The frame buffer file will have the general structure like this:
- Plane 1
- Plane 2 (optional)
- Plane 3 (optional)
- ...
- Epilogue
A plane is a complete two dimensional array of pixels. An image may have only a single plane if the pixel is already a packed vector of color values. An image may also split color values for each pixel into their own planes. The color values may be specified in different colorspaces, such as RGB, YUV or even CMYK, specified in the epilogue. The beginning and end of each plane are page-aligned, with page size also specified in the epilogue. When an image is chroma-subsampled, the subsampled planes may have widths and heights independently scaled by a small integer denominator.
After the planes, the epilogue would store a descriptor about how to locate and interpret the planes. The epilogue need only be 32-bit word aligned but not necessarily page aligned, and can share parts of unused memory in the last plane. The epilogue consists of binary-serialized protocol buffer of the frame buffer descriptor, plus a small padding, and end with a 32-bit word-aligned crc32 checksum of the epilogue minus the footer, and a 32-bit footer. The footer's upper 16-bit is the signature 0xffbb, and the lower 16-bit is the size of the entire epilogue including padding and footer. The signature allows detecting the byte order. Since epilogue size is a multiple of 4, the last two bits of the size are zero, so it cannot be confused with the signature. Because epilogue size field is 16-bits, the epilogue is limited to 64KB.

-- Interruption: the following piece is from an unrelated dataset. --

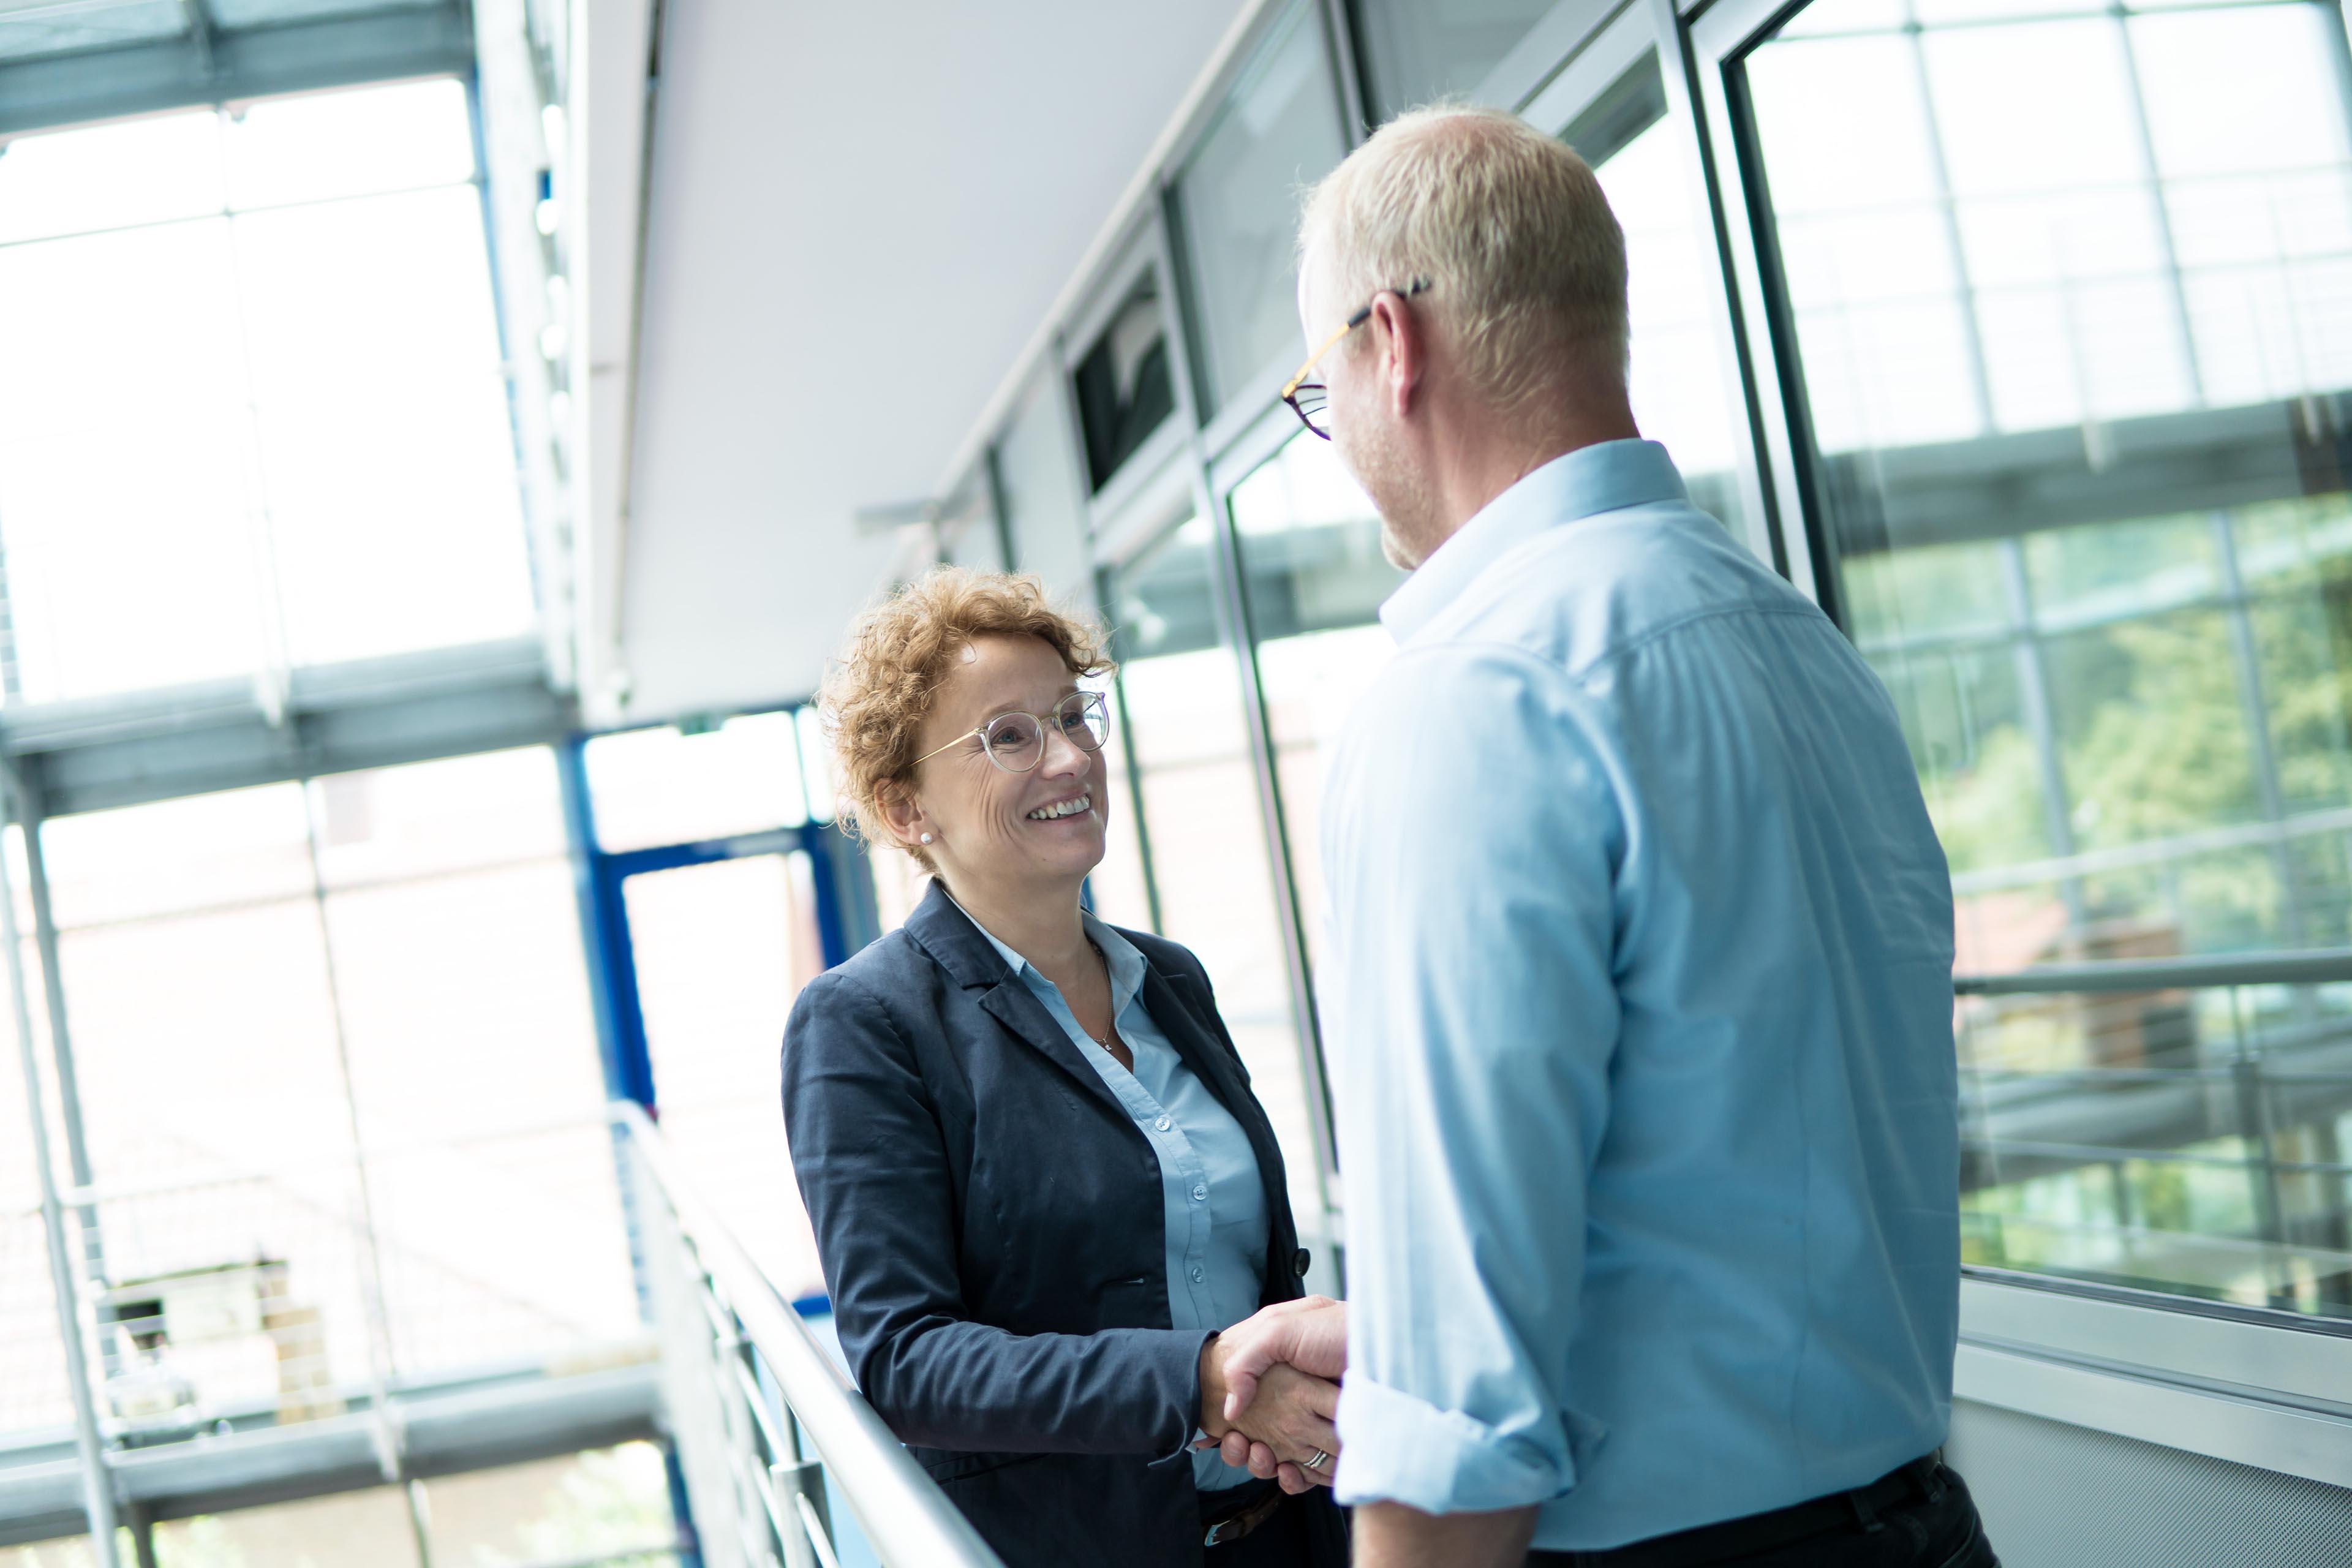 Maike Grünebaum Consulting | Im Kundengespräch

A reader would verify that the frame buffer file size is a multiple of 4, read the last 4 bytes to check the signature and find the epilogue size. It would then read the whole epilogue into memory, check the crc32 of the frame buffer descriptor plus padding, and decode the descriptor.
I'll leave the actual frame buffer descriptor specification for another time. For now, it needs to be able to specify at least the page size, image width and height, colorspace, and the planes. Each plane will specify their own beginning and end file positions, subsample denominator, row (stride) size, and pixel format.
The frame buffer file format shall be used to store only one image, and not be used to specify more complex image compositions such as layering. A scene description language should be used for that purpose instead.